The device was fabricated using xurography approach [37]. First, the geometric pattern of microchannel was designed by CAD software (version 2016, Autodesk, Inc., San Rafael, CA, USA), and the pattern was sent to cutter plotter (CE6000-60, Graphtec Corporation, Tokyo, Japan) which has a blade to cut on the surface of adhesive vinyl film (Oracal, 651) with thickness of 100 μm. After the undesired part was peeled off, the film was attached to a blank PDMS slab, and then placed in a cupcake (see Figure 2a). The epoxy resin (Epo-Thin, Buehler, Illinois Tool Works Inc., Glenview, IL, USA) and hardener with weight ratio of 2:1were mixed and degassed, the epoxy mixture was poured into the cupcake and cured at 25 °C for 12 h to generate an inexpensive and durable epoxy mold for replica production by removing the blank PDMS slab. If size allowed, more than two epoxy molds can be fabricated from one cupcake (see Figure 2b). PDMS pre-polymer (Dow Corning, Sylgard 184, Midland, MI, USA) was mixed thoroughly with the curing agent at ratio of 10:1 (w/w). The mixture was degassed in a vacuum desiccator before it was poured into the epoxy mold and cured at room temperature for 24 h (see Figure 2c). The half-cured top and bottom PDMS layers were peeled from the respective epoxy mold with the aid of a blade (see Figure 2d). The top layer of PMDS channel was punched with 2-mm inlet and outlet ports. The two PDMS layers were aligned under the optical microscope with assistance of alignment rig to ensure the sealing at bifurcation (see Figure 3b). The bonding between the two PDMS layers was achieved using partial curing method [38] via thermally curing the aligned microfluidic device at 90 °C for 2 h. The final fabricated device is shown in Figure 3a. Scanning electron microscope (SEM) (Quanta400F, FEI, Thermo Fisher Scientific, Waltham, MA, USA) was used to measure the cross-sectional dimensions.

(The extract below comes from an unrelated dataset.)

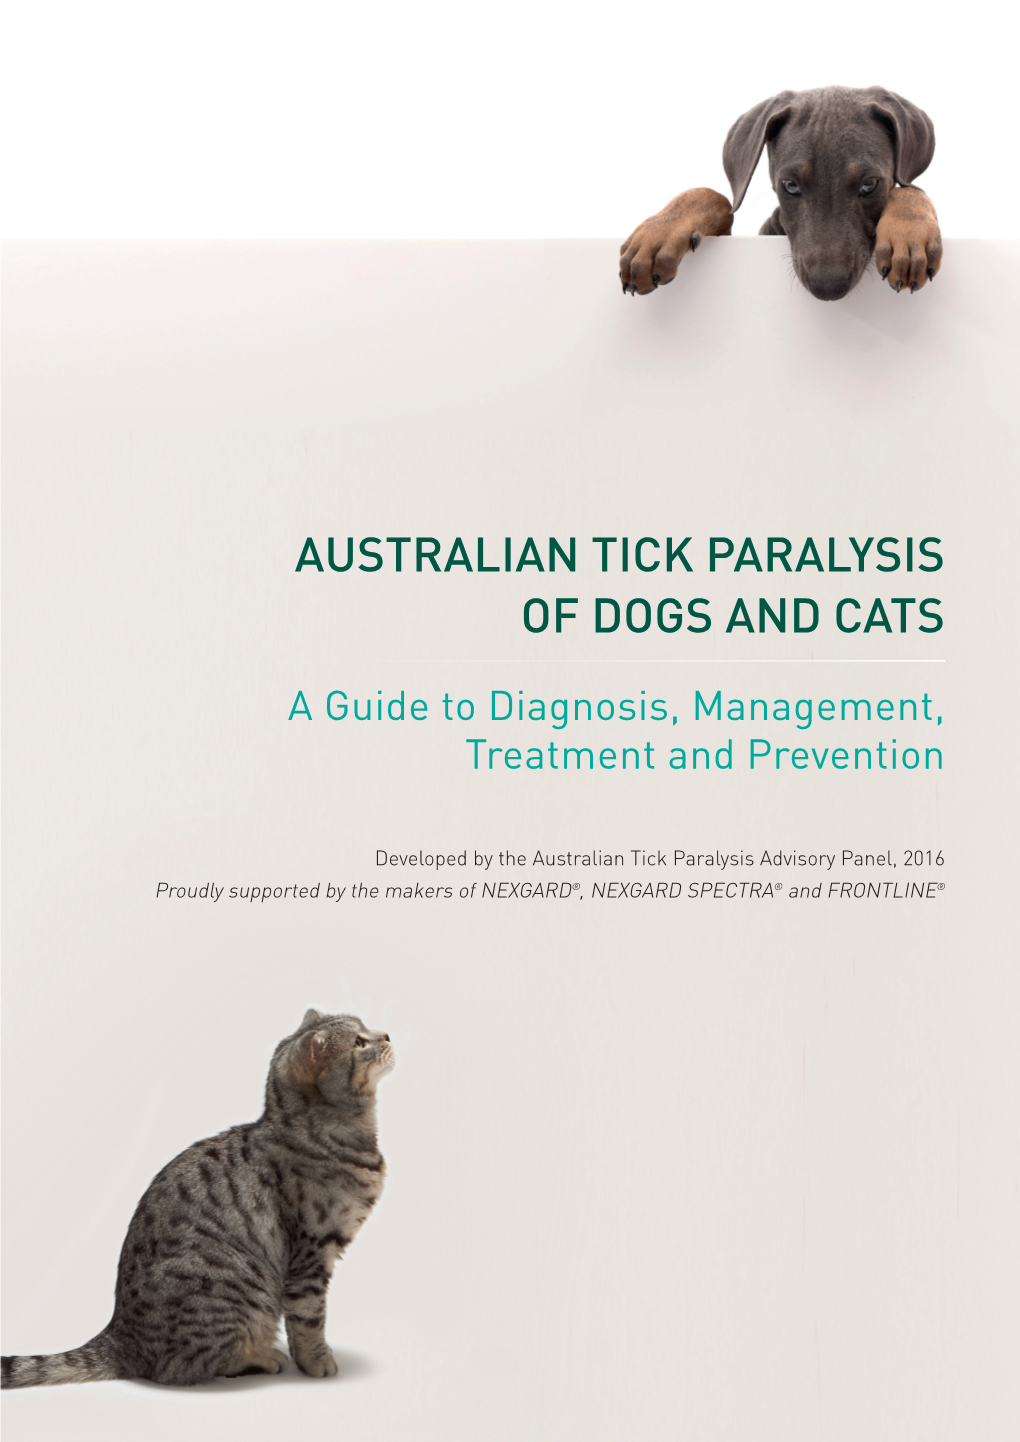 Australian Tick Paralysis of Dogs and Cats

In the experiment, cooking oil served as the continuous fluid with viscosity of 0.0643 ± 0.0016 Pa·s measured by a viscometer (LVDV-II+P CP, Brookfield Engineering, Middleboro, MA, USA). Deionized (DI) water was used as the dispersed fluid. The interfacial tension of 14.26 mN/m between water and oil was measured by a goniometer (ramé-hard Instrumental Co., Succasunna, NJ, USA). The properties of the test fluids are shown in

Table 1. Property of the test fluids for droplet formation and fission.

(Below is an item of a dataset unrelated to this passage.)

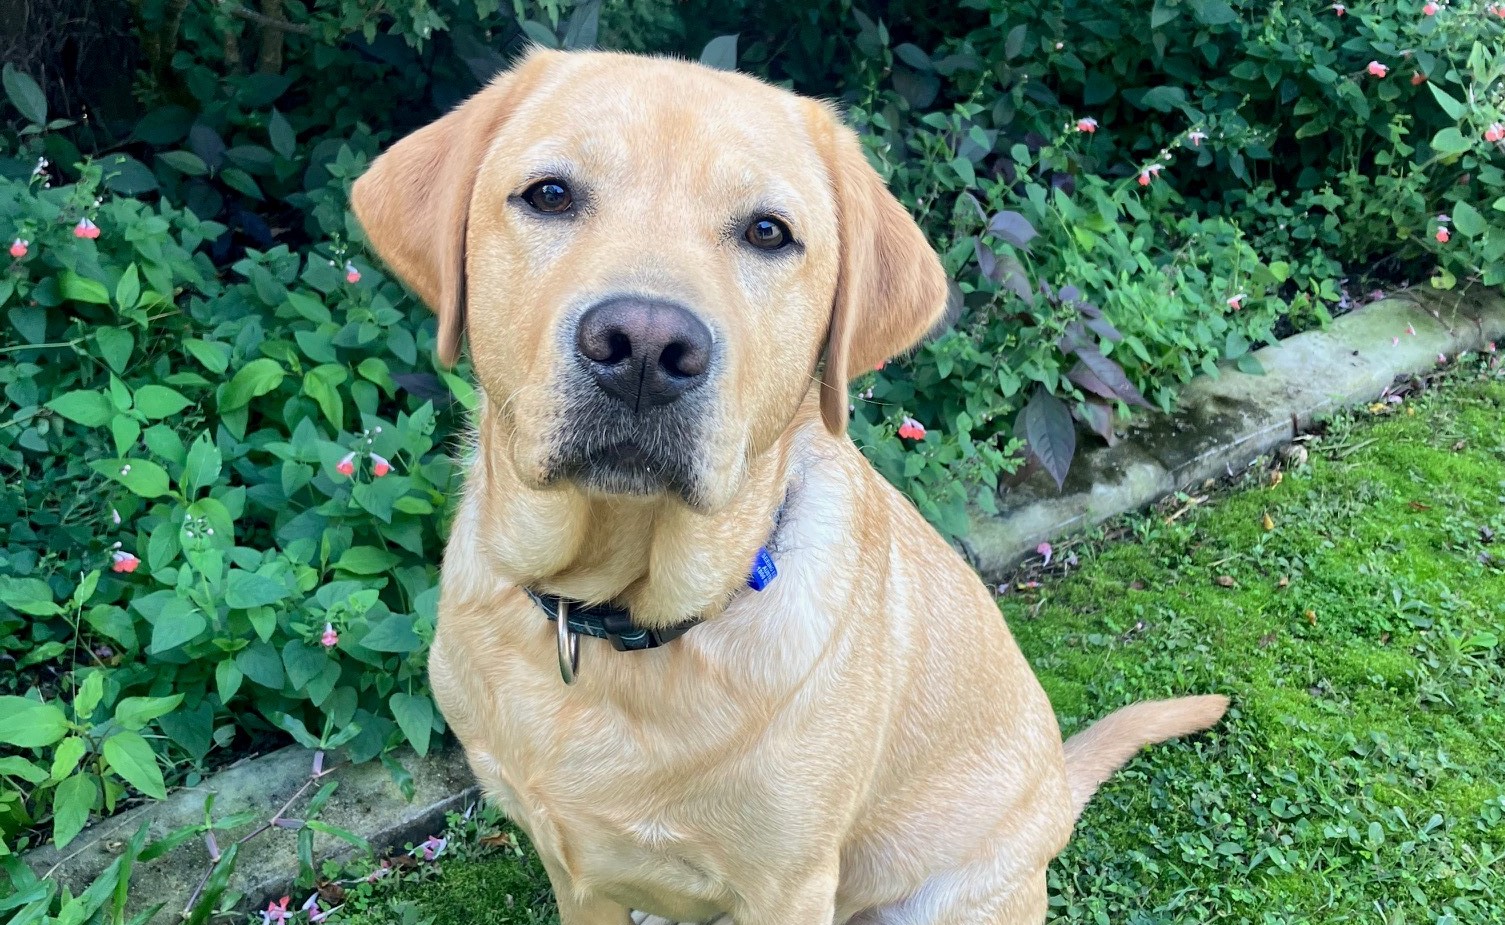 A golden labrador sits calmy on the grass in front of a garden bed.

Test Fluids	η (cP)	ρ (kg/m3)	σ (mN/m)
Cooking oil	64.3	908.7	14.26
Deionised (DI) Water	1.003	997

. The volumetric flow rates of continuous phase and dispersed phase were controlled by syringe pumps (KDS 210, KD Scientific Inc., Holliston, MA, USA), separately. The droplet formation and fission were recorded under a high speed camera (M110, Phantom, Vision Research Inc., Wayne, NJ, USA) mounted on top of an inverted microscope (IX51, Olympus, Tokyo, Japan). The software ImageJ (version 1.48v, National Institutes of Health (NIH), Bethesda, MD, USA) was applied for image analysis to evaluate droplet Feret’s diameter D which represents the longest distance between any two points on a selection boundary. In our measurement, it can be used to determine the maximum diameter of a droplet when the shape is not strictly spherical. The mother droplet was generated by T-junction to form water-in-oil emulsion (see Figure 3c), which travelled downstream and was split up bifurcating junction with formation of trains of daughter droplets in bottom and top-layer branch microchannel, respectively (see Figure 3d). The complete experimental setup is shown in Figure 4.

3. Numerical Model

A 3-D numerical model of the droplet formation and fission in the bi-layer bifurcating microchannel was established. The two-phase flow problem was solved using the VOF (Volume of Fluid) method by CFD software Ansys Fluent 15.0 (Ansys, Inc., Canonsburg, PA, USA). In this method, the interface between water and oil phase was tracked by solving the following convection equation [39,40]:

$$\frac{\partial {\alpha }_{\mathrm{CP}}}{\partial t}+V·\nabla {\alpha }_{\mathrm{CP}}=0$$

(1)

where α denotes volume fraction, t and V denote time and flow velocity respectively, and the subscript CP represents continuous phase.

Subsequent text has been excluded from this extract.